Diecisiete años más tarde, Jacob falleció rodeado de todos sus hijos, bendiciéndoles y a la vez, profetizándoles: He aquí yo muero, pero Dios estará con vosotros y os hará volver a la tierra de vuestros padres (Génesis 48:21). Lo que Dios le prometió a él cuando huyó temeroso de su casa, Jacob lo profetizó a sus hijos manifestando así su profunda fe declarando que el pueblo hebreo volvería a la tierra de sus padres. Tal como deseaba, fue sepultado en la cueva de Macpela en Canaán, junto a sus abuelos Abraham y Sara, sus padres Isaac y Rebeca, y Lea, su primera esposa. ¿Imaginó Jacob cuando salió huyendo cuán idílico sería el final de su vida?
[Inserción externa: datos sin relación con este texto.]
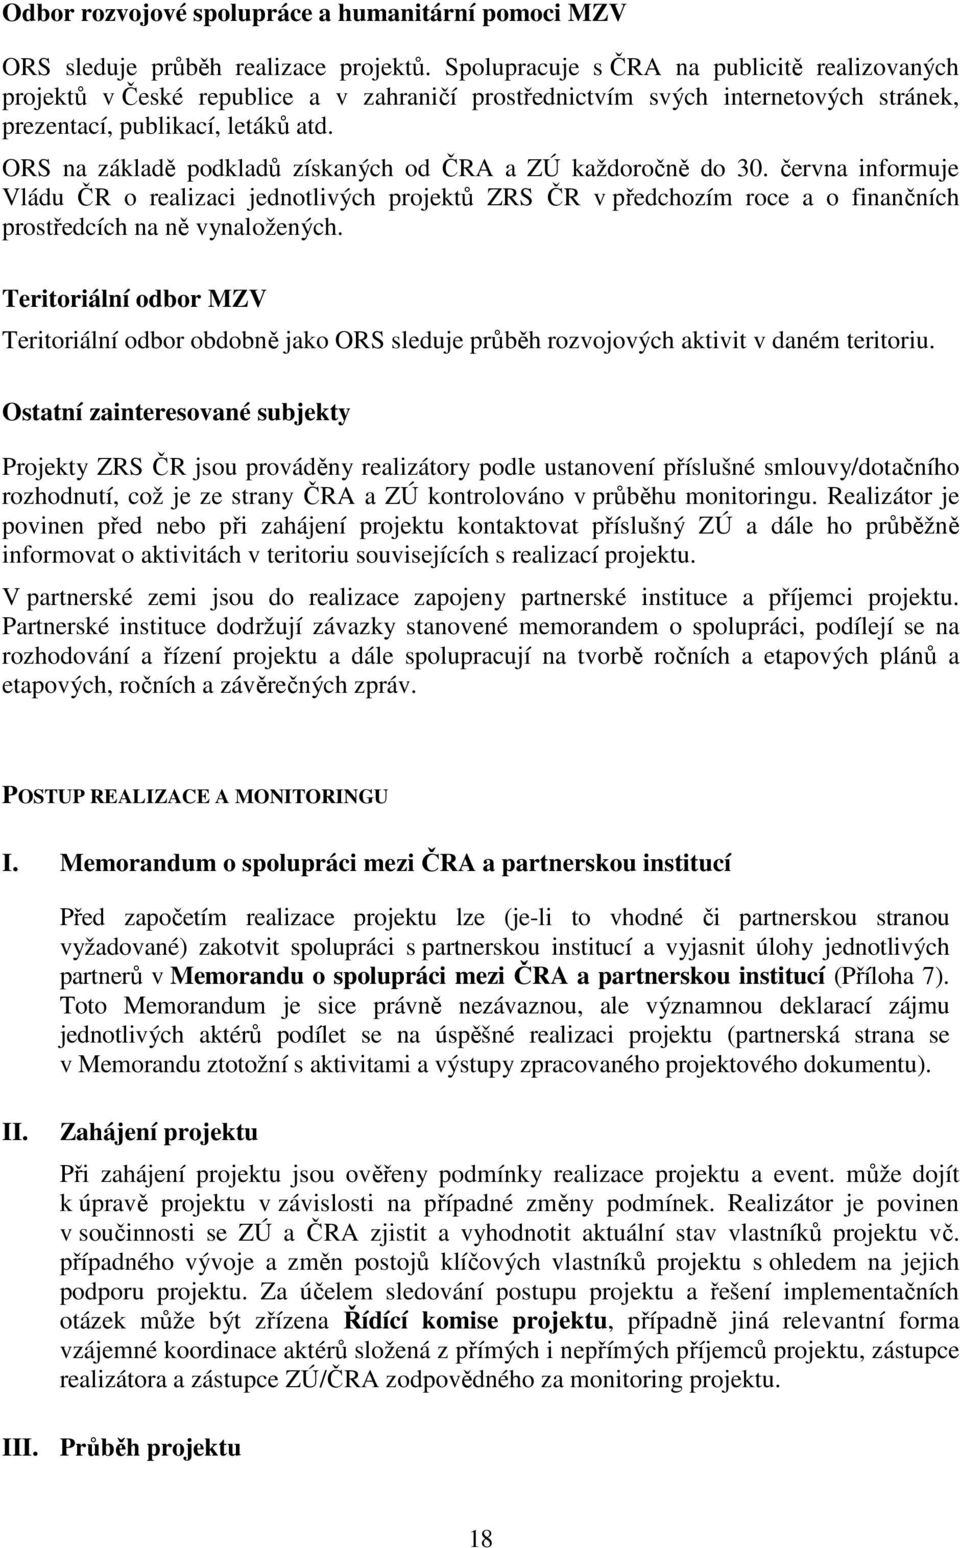 ORS na základě podkladů získaných od ČRA a ZÚ každoročně do 30. června informuje Vládu ČR o realizaci jednotlivých projektů ZRS ČR v předchozím roce a o finančních prostředcích na ně vynaložených.

¡Qué historia tan llena de matices y enseñanzas fabulosas!
Tú y yo al igual que Jacob podremos errar y fallarle a Dios debido a nuestra condición humana; ya sea instados por circunstancias incontrolables que nos desconcierten o por tentaciones que logren envolvernos. También puede que sin darnos cuenta cometamos errores que dañen nuestro crecimiento y testimonio cristiano. ¡Más la inefable gracia de Dios nos sostendrá y nos levantará! Como Pablo, si identificamos aguijones en nuestra carne que nos abofetean, sabemos que solo cuando somos conscientes de nuestras debilidades es que puede reposar en nosotros el poder de Cristo.
He comenzando a vivir mi octava década de vida y han transcurrido más de sesenta años desde aquella tarde de abril de 1960 cuando sentí que Dios me llamaba al ministerio pastoral. Entonces, muy asustado, protesté:
—¿Por qué a mí, Señor? ¡No sirvo para eso y mis planes son otros!
La insondable gracia de Dios, sin embargo, transformó mis planes y todavía intento ser fiel al llamado divino a pesar de mi incompetencia. Sí, he fallado muchas veces, pero como Jacob, me aferro al ángel de la fe, consciente de que Dios me ha bendecido más de lo que merezco. Cuando miro hacia atrás —algo muy fácil a mi edad— me emociona constatar que los propósitos de Dios siempre se cumplieron.
Por ello me aferro cada vez más al maravilloso misterio de la gracia divina, don incomparable, fuente inagotable, mi alma puede allí su sed calmar, tal como decía el antiguo himno. He comprobado que meditar en la gracia de Dios me da paz en las situaciones más difíciles. Te invito a que medites en la gracia de Dios e intentes hacer la lista de las muchas bendiciones inmerecidas que has recibido en tu vida.
Te aseguro que ello te dará paz, la bendita paz que solo Dios te puede dar.